Metadata-Version: 2.1
Name: omegaconf-cloud-resolvers
Version: 0.2.0
Summary: Omegaconf custom resolvers to retrieve configuration values from cloud services
Author: M Gil Valverde
Author-email: m.gilvalverde@gmail.com
Requires-Python: >=3.9,<4.0
Classifier: Programming Language :: Python :: 3
Classifier: Programming Language :: Python :: 3.9
Classifier: Programming Language :: Python :: 3.10
Classifier: Programming Language :: Python :: 3.11
Classifier: Programming Language :: Python :: 3.12
Provides-Extra: aws
Provides-Extra: az
Provides-Extra: gcp
Requires-Dist: azure-identity (>=1.18.0,<2.0.0) ; extra == "az"
Requires-Dist: azure-keyvault-secrets (>=4.8.0,<5.0.0) ; extra == "az"
Requires-Dist: boto3 (>=1.34.16,<2.0.0) ; extra == "aws"
Requires-Dist: google-cloud-secret-manager (>=2.20.2,<3.0.0) ; extra == "gcp"
Requires-Dist: jmespath (>=1.0.1,<2.0.0)
Requires-Dist: omegaconf (>=2.3.0,<3.0.0)
Description-Content-Type: text/markdown

# Omegaconf Plugin: Cloud Secrets

This package is a plugin designed to enhance OmegaConf by providing additional custom resolvers to **securely retrieve
sensitive values** that should not be hard-coded in your configuration files.

Currently, there are resolvers for:

* AWS:
    * Secrets Manager
    * Parameter Store
* Google Cloud Platform (GCP):
    * Secret Manager
* Microsoft Azure:
    * Key Vault

## Installation

 * AWS:
```
pip install omegaconf-cloud-resolvers[aws]
```

 * GCP:
```
pip install omegaconf-cloud-resolvers[gcp]
```

 * Azure:
```
pip install omegaconf-cloud-resolvers[az]
```

## Quickstart

The following is an introductory example using a secret stored in AWS Secrets Manager.

First create a secret in the AWS Secrets Manager.

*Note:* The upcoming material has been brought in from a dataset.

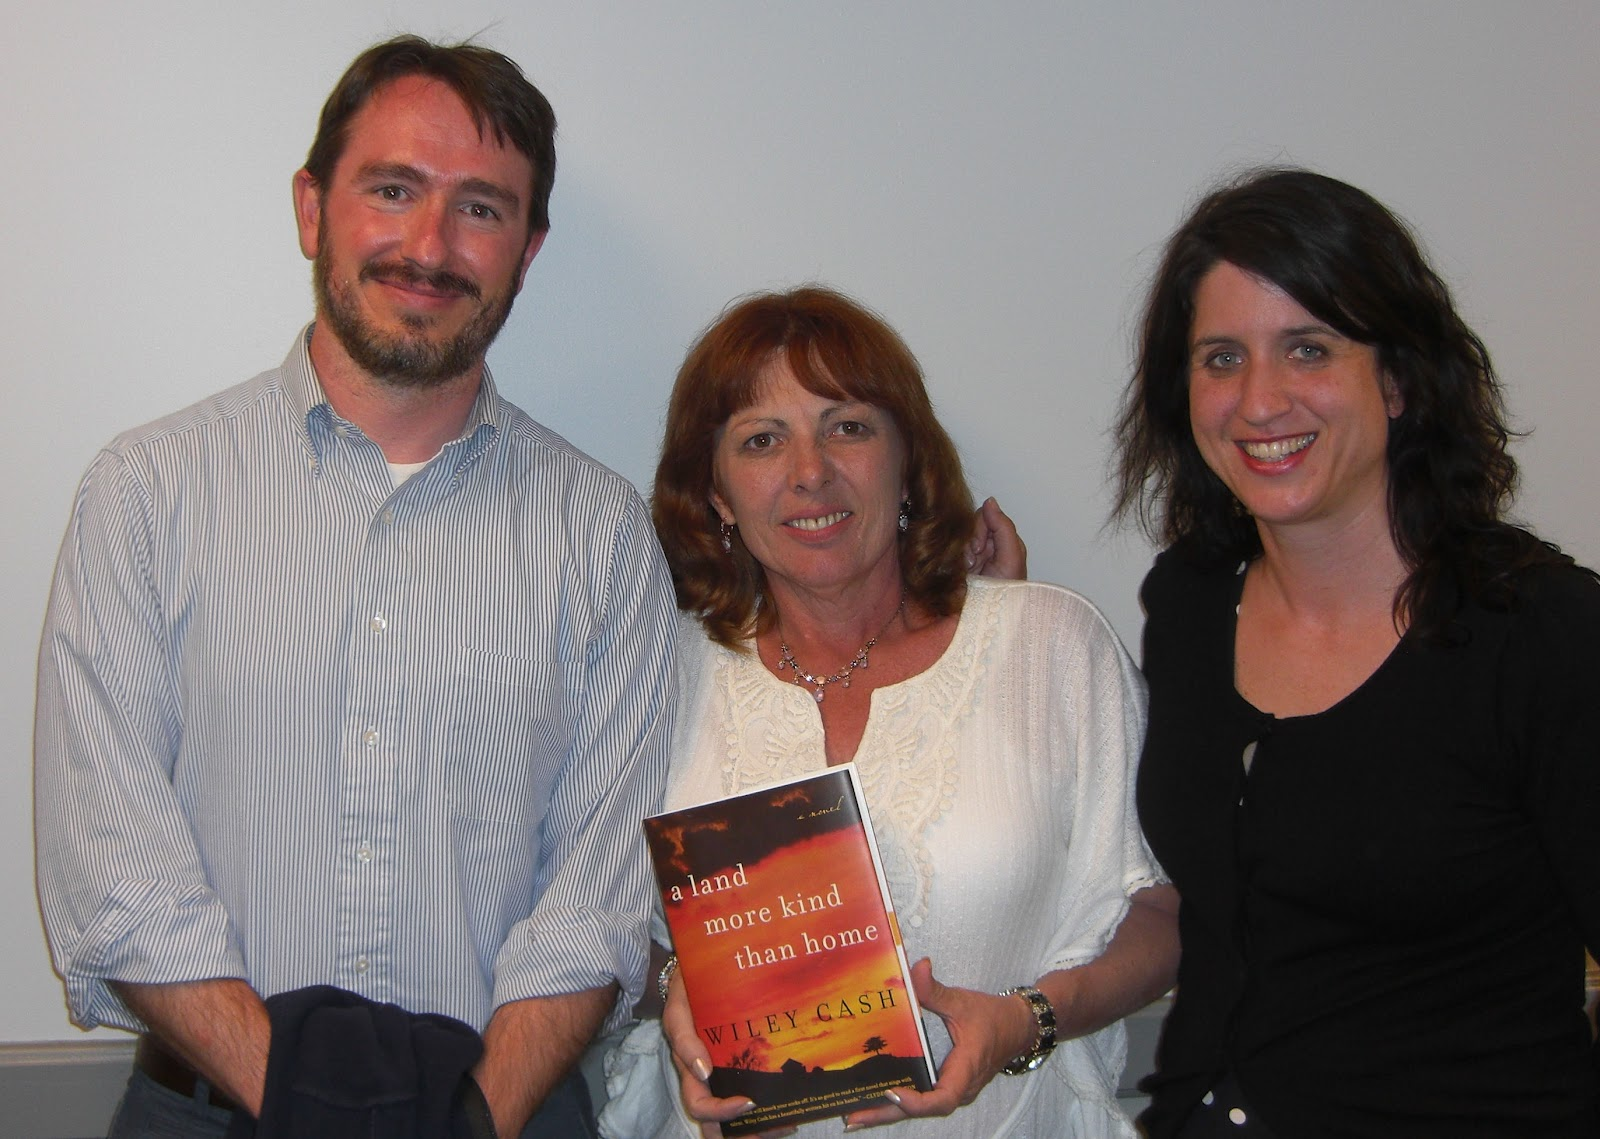 Wiley Cash, Kelly Stone Gamble, And Suzi Shumaker  June 16, 2012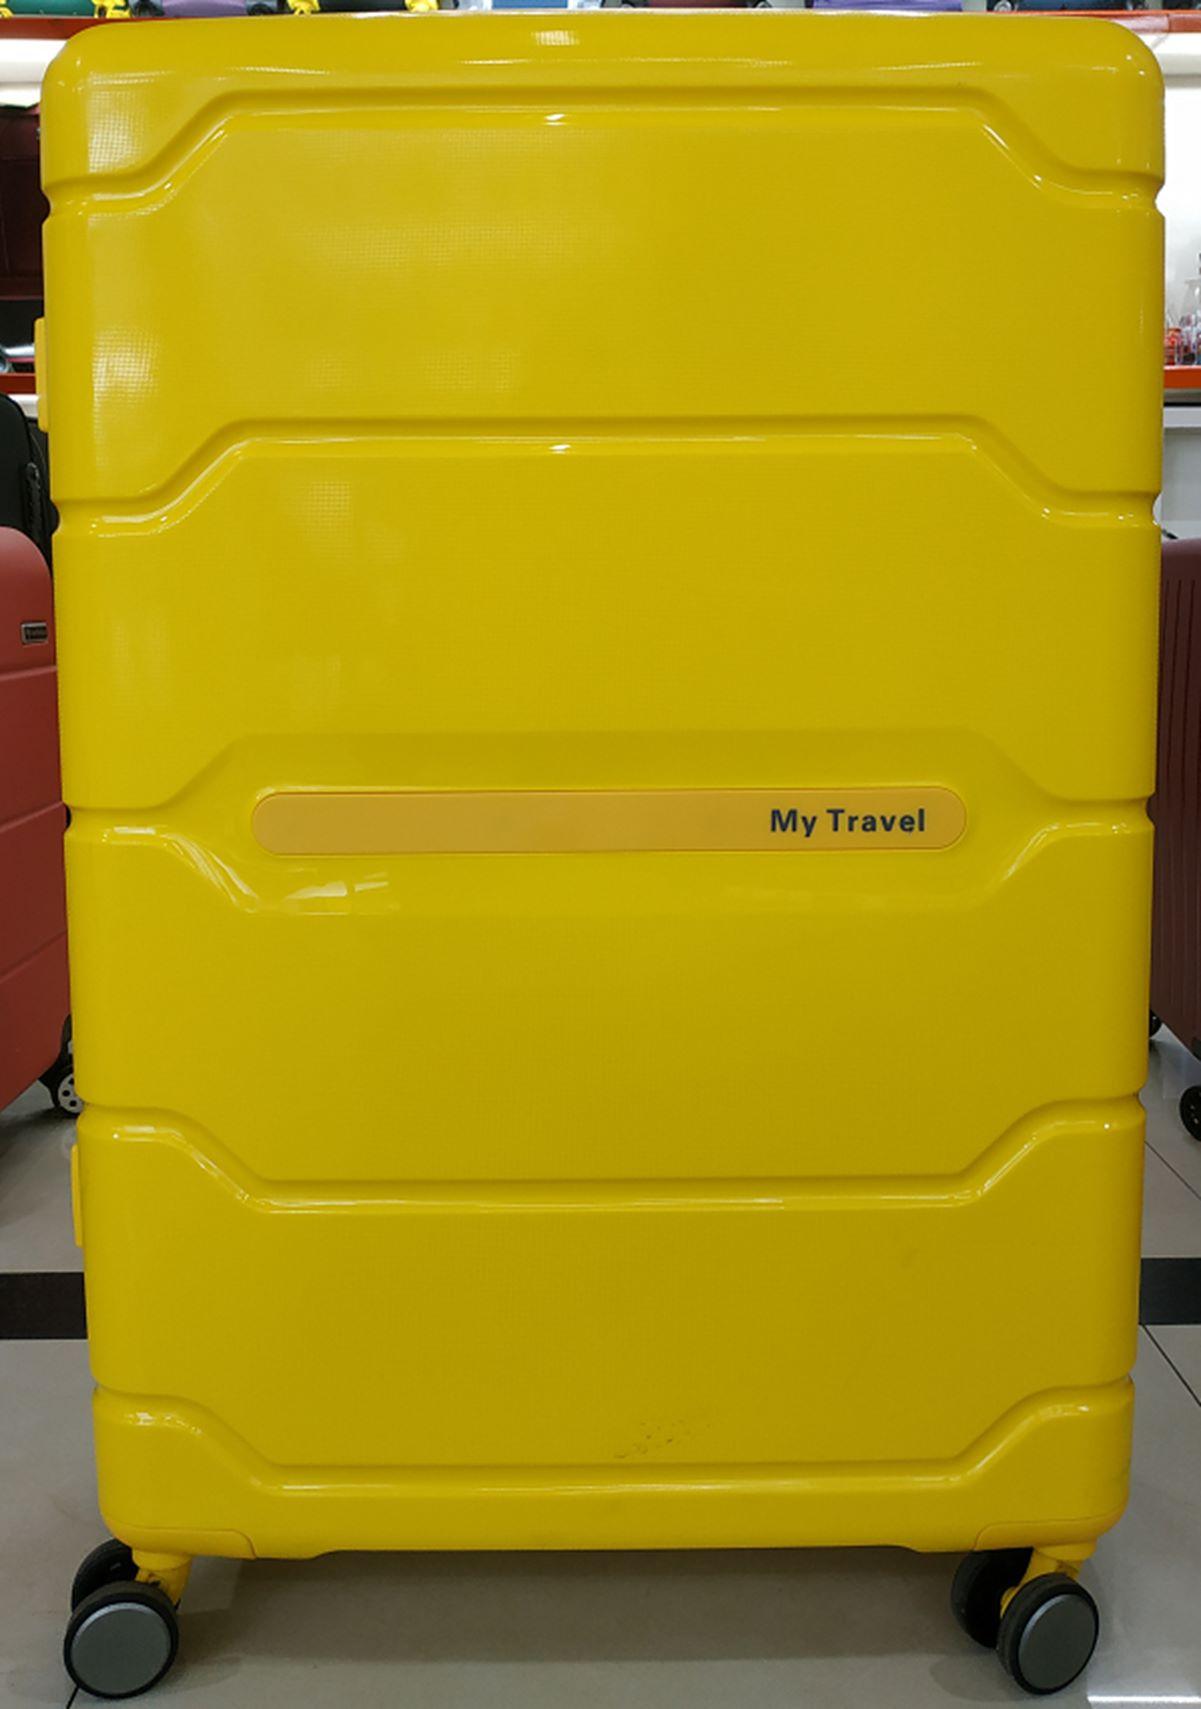 PP058三件套拉杆箱 20-24-28寸 义乌好货 旅行箱行李箱男女万向轮拉杆箱

You can use the CLI:

```bash
aws secretsmanager create-secret --name secret_jwt --secret-string 'thiscouldbe.a.jwt'
```

```python
from omegaconf import OmegaConf
from omegaconf_cloud_resolvers import register_custom_resolvers
from omegaconf_cloud_resolvers.resolvers.aws import AWSSecretsManagerResolver

# Option A. Define an env var: `AWS_DEFAULT_PROFILE=<your-aws-profile>`
# If you do, there is no need to pass a Session to the PluginResolver

# Option B. Alternatively you can create a boto3 session and pass it to the `AWSSecretsManagerResolver`
# Check `.aws/config` to see what are your profiles.
#   from boto3 import Session
#   session = Session(profile_name="<your-aws-profile>")

# Define the custom resolver. The dict key is the name that you will use  in your config
resolvers = {
    "aws_secretsmanager": AWSSecretsManagerResolver(),
}
# Use CustomResolverInjector to declare the resolver. You cannot inject twice the same key.
register_custom_resolvers(**resolvers)

# The syntax is: <resolver-name>:<secret-name>
conf = OmegaConf.create({"secret": "${aws_secretsmanager:secret_jwt}"})
print("Your secret is:", conf["secret"])  # THAT IS AN ILLUSTRATIVE EXAMPLE, NEVER DO THIS IN PRODUCTION
```

## Roadmap

- [X] Resolver for Azure Key Vault
- [ ] Support for older secret version - AWS Secrets Manager Resolver
- [ ] Examples using AWS services - Lambda
- [ ] Examples using Google Cloud Platform services - Functions


# WARNING

This package is in a very early and experimental stage, use it under your own responsibility.

# Troubleshooting


* **[AWS]** NoCredentialsError raised while resolving interpolation: Unable to locate credentials
  You might not have configured a default profile or provided with a session to a AWS Resolver.